Attention Nvidia shareholders…

The fat lady isn’t singing yet, but she’s warming up.

This year, the world’s No. 1 AI chipmaker is up 213%.

But as I’ll show you today, now is a good time to consider taking some profits.

You see, next year is shaping up to be a challenging year for the semiconductor giant.

In fact, Nvidia may be more vulnerable than ever. The company accomplished a lot this year. But it also made a critical mistake that’s about to come home to roost.

Let me explain…

Don’t Make This Bad Bet

Nvidia is one-dimensional. It specializes in the design of Graphics Processing Units (GPUs).

A GPU is a kind of specialized chip that goes into gaming consoles and AI systems.

They allow for a lot of computations at once. This is important for rendering realistic computer graphics and helping AIs “think.”

And GPU sales account for almost all of Nvidia’s income.

In Nvidia’s favor, not only were its GPUs top-tier in 2023, but also they were available in substantial volumes.

Other chipmakers sell GPUs for gaming and personal computing. But they couldn’t match Nvidia when it came to the premium GPUs used to make AI apps viable at scale.

That left Microsoft, Amazon, Google, Meta, and other major AI players spending billions of dollars on Nvidia’s GPUs this year.

And the demand for GPUs for AI computing took Wall Street by surprise.

In a year when some Wall Street analysts expected Nvidia’s sales to fall, they grew. Sales jumped a jaw-dropping 87% to $13.5 billion in the second quarter over the first quarter.

That sent shares soaring… and for good reason.

But if you’re buying Nvidia shares now, you’re betting on the company repeating this massive increase in sales.

And that’s a mistake. The odds of Nvidia surprising Wall Street again next year are basically zero.

And Nvidia has bigger problems than just meeting Wall Street estimates.

The company has backed itself into a corner. And it’s going to have a lasting impact on the company’s future.

Playing With Fire

Nvidia had a monopoly on AI data center GPUs for most of 2023. So, it could name its price without worrying about the competition undercutting it with lower prices.

And yes, Nvidia sold a ton of its GPUs this year. It’s on track to sell 550,000 of its H100 GPUs by the end of 2023.

That’s worth more than $16.5 billion in chips, depending on how they’re configured.

But instead of catering to the needs of the giant cloud providers, Nvidia chose a different path.

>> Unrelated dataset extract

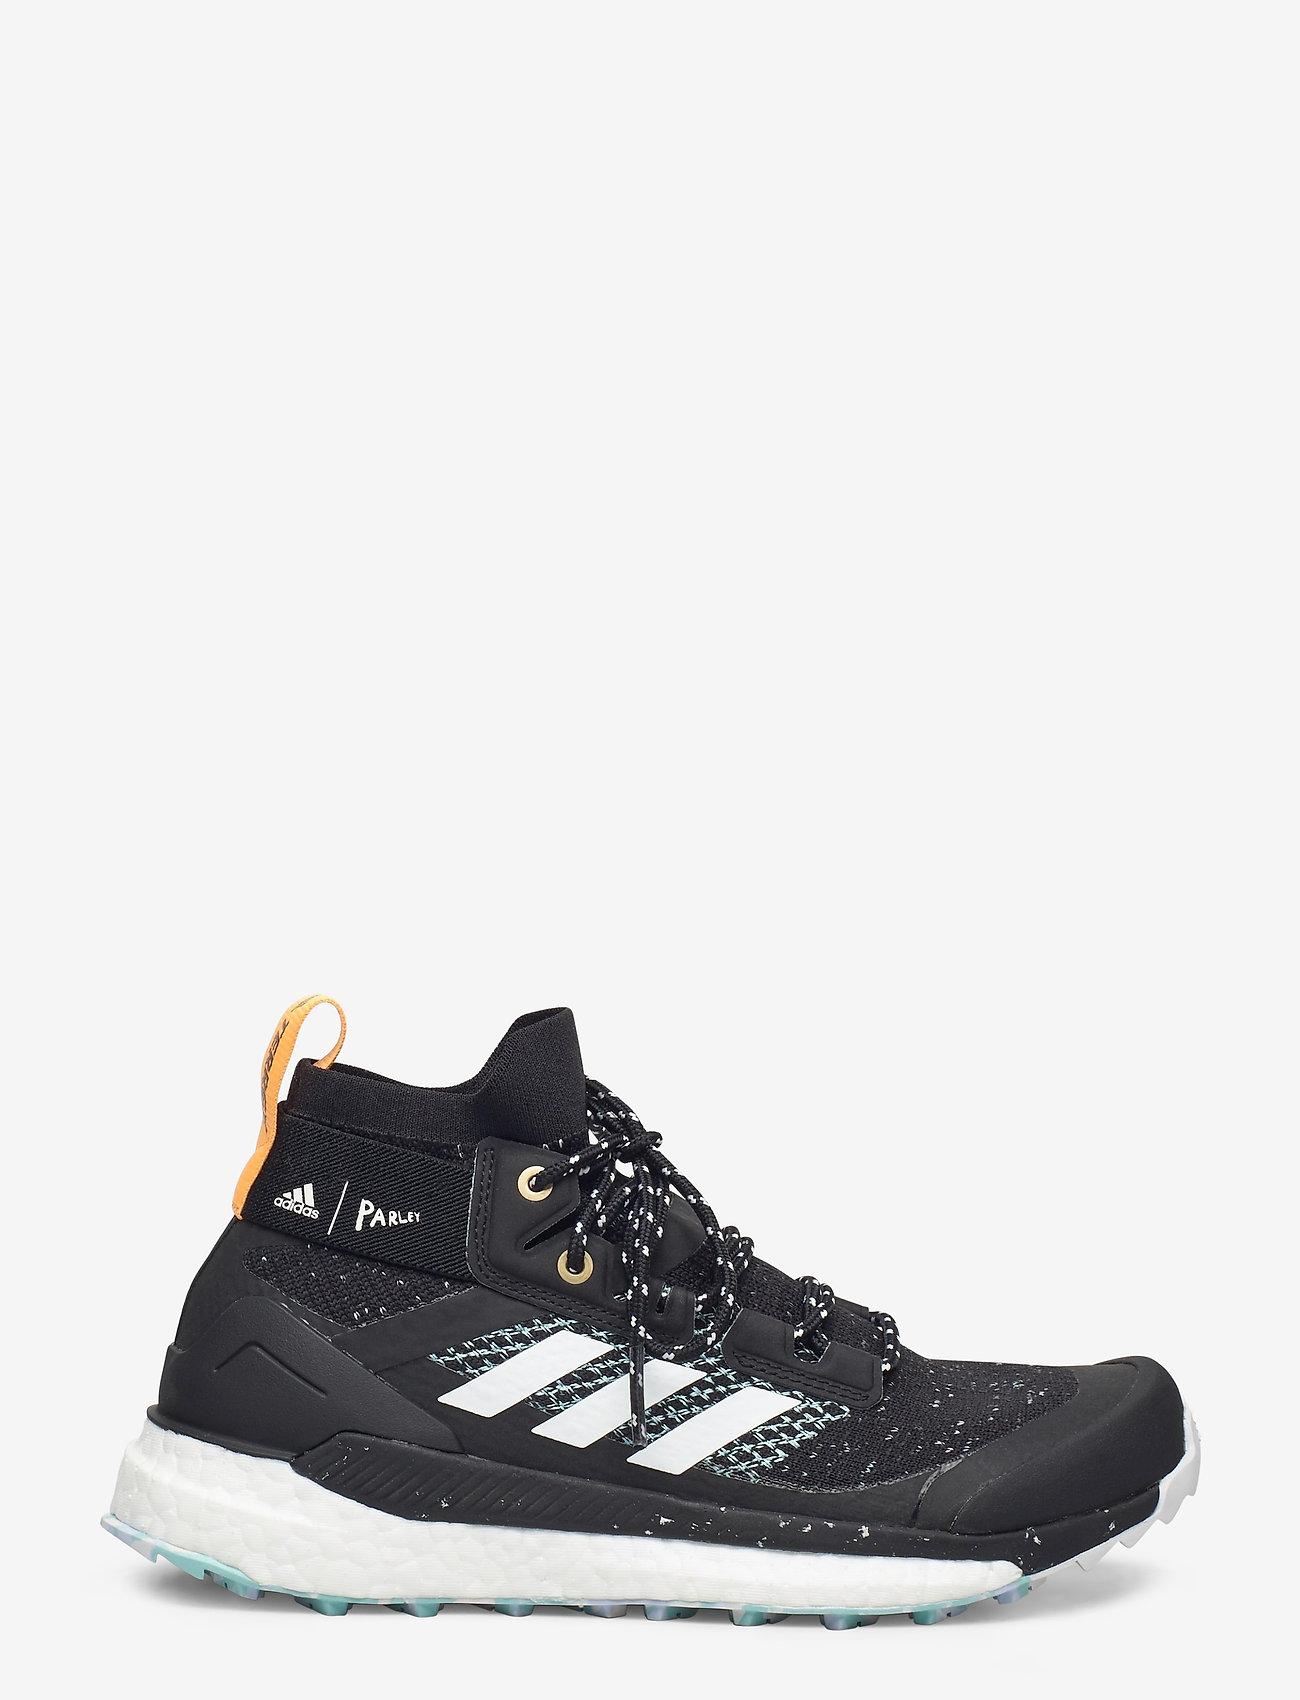 adidas Performance - Terrex Free Hiker Parley Hiking W - wanderschuhe - cblack/ftwwht/reagol - 1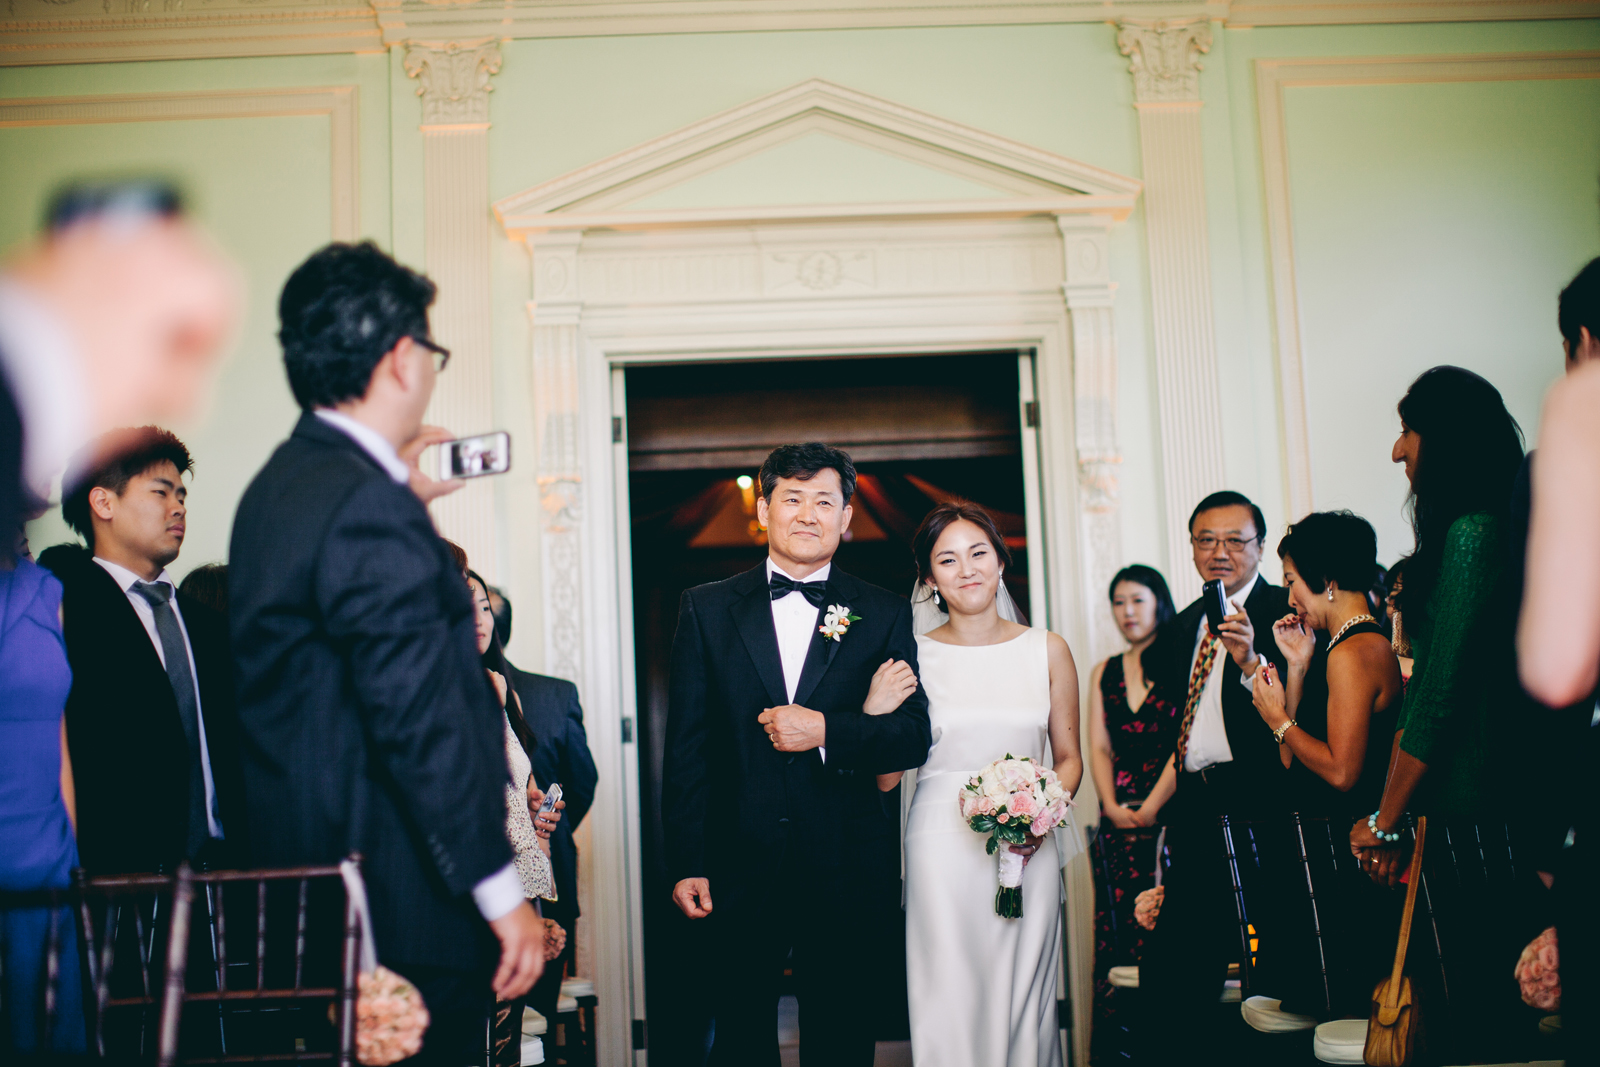 kohl_manison_wedding_photography_sarah_eric_ebony_siovhan_bokeh_photography_043.jpg

All year, Amazon, Microsoft, Meta, Oracle, Tesla, IBM, and Google wanted to buy as many Nvidia GPUs as the company would sell them.

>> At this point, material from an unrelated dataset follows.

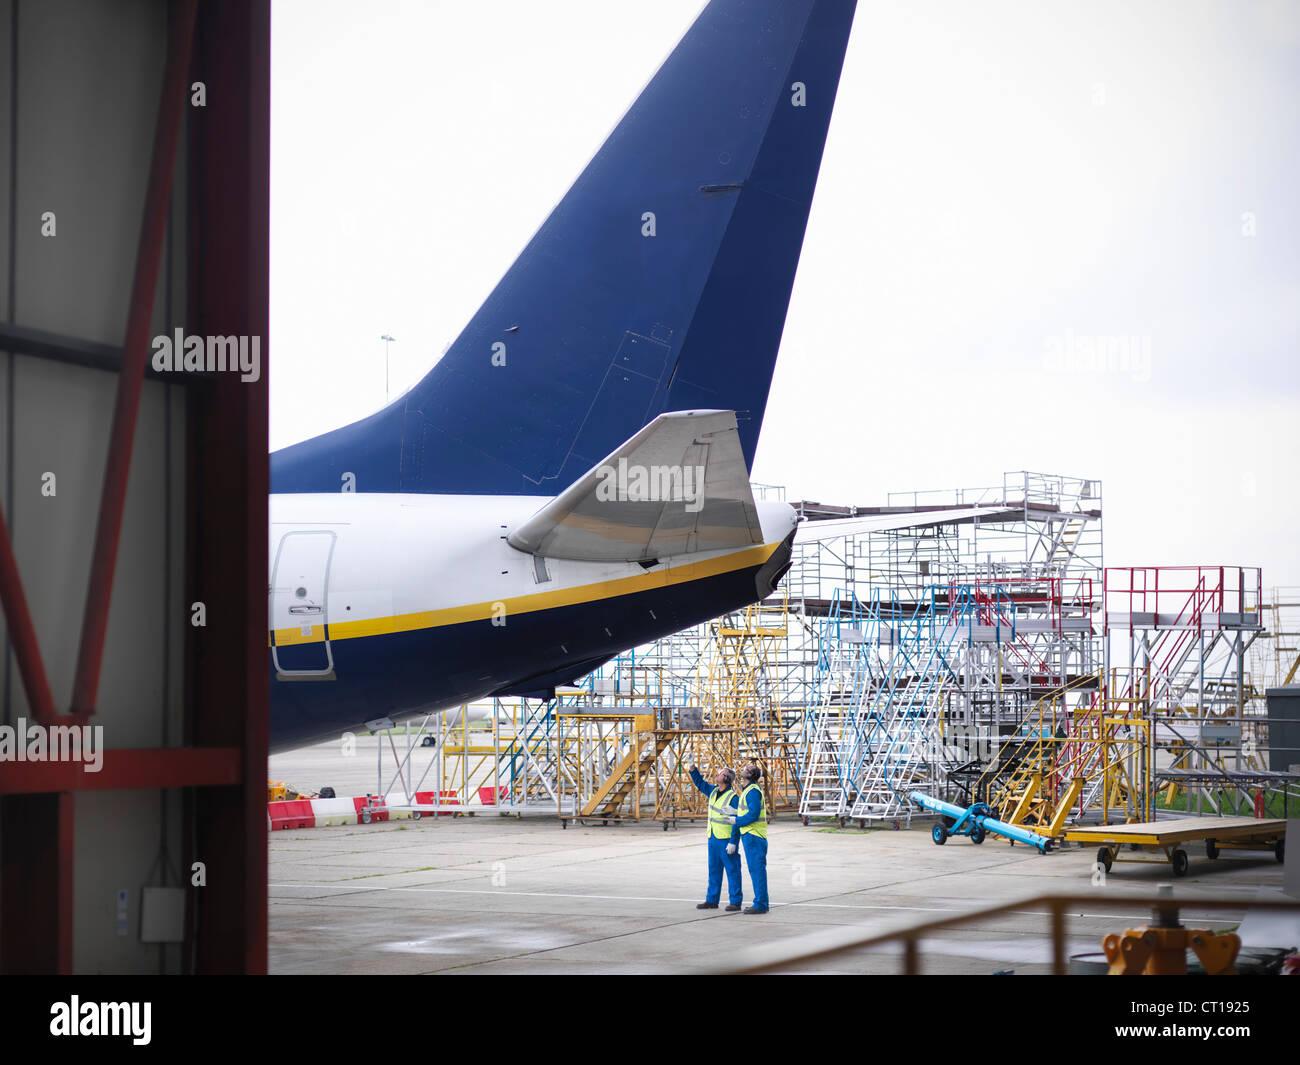 Workers examining underside of airplane - Stock Image

As Tesla boss Elon Musk put it in July…

We’ll actually take Nvidia hardware as fast as Nvidia will deliver it to us.

But instead of maxing out these clients’ order books, Nvidia allocated supply to CoreWeave, Lambda, and other smaller cloud-computing providers.

On the surface, this seems like a savvy strategy.

Nvidia reportedly got stock investments in each of those companies as part of the deal to supply them with its GPUs.

That’s made Nvidia a part-owner in these companies.

And what’s a good way to boost a startup cloud provider’s valuation in a year when AI server demand is red-hot?

Allocate your GPUs to the startup instead of selling them to Amazon, Microsoft, and Google!

But Nvidia is playing with fire.

It boosted the valuation of its equity stakes in CoreWeave and Lambda. But the largest cloud providers aren’t going to sit around and watch some startups gobble their market share without putting up a fight.

These big tech companies have the resources to build their own computer chips. And that’s exactly what they are doing.

Faster and More Efficient Than a GPU

Since 2016, Google has been designing and using an AI chip it calls a Tensor Processing Unit (TPU).

TPUs are custom-built for a type of mathematical operation known as a tensor operator that’s commonly used in machine learning tasks.

This makes them faster and more efficient than GPUs.

This means Google has little use for Nvidia GPUs. It can use its own TPUs instead.

And like Google, Amazon has been designing and using its own custom-designed chips for years.

Now, Microsoft is expected to throw its hat in the ring with a custom AI chip set to launch later this year.

Even Tesla – an electric car maker – has been forced to design its own chips.

Bottom line: Nvidia backed the wrong horses in the AI race.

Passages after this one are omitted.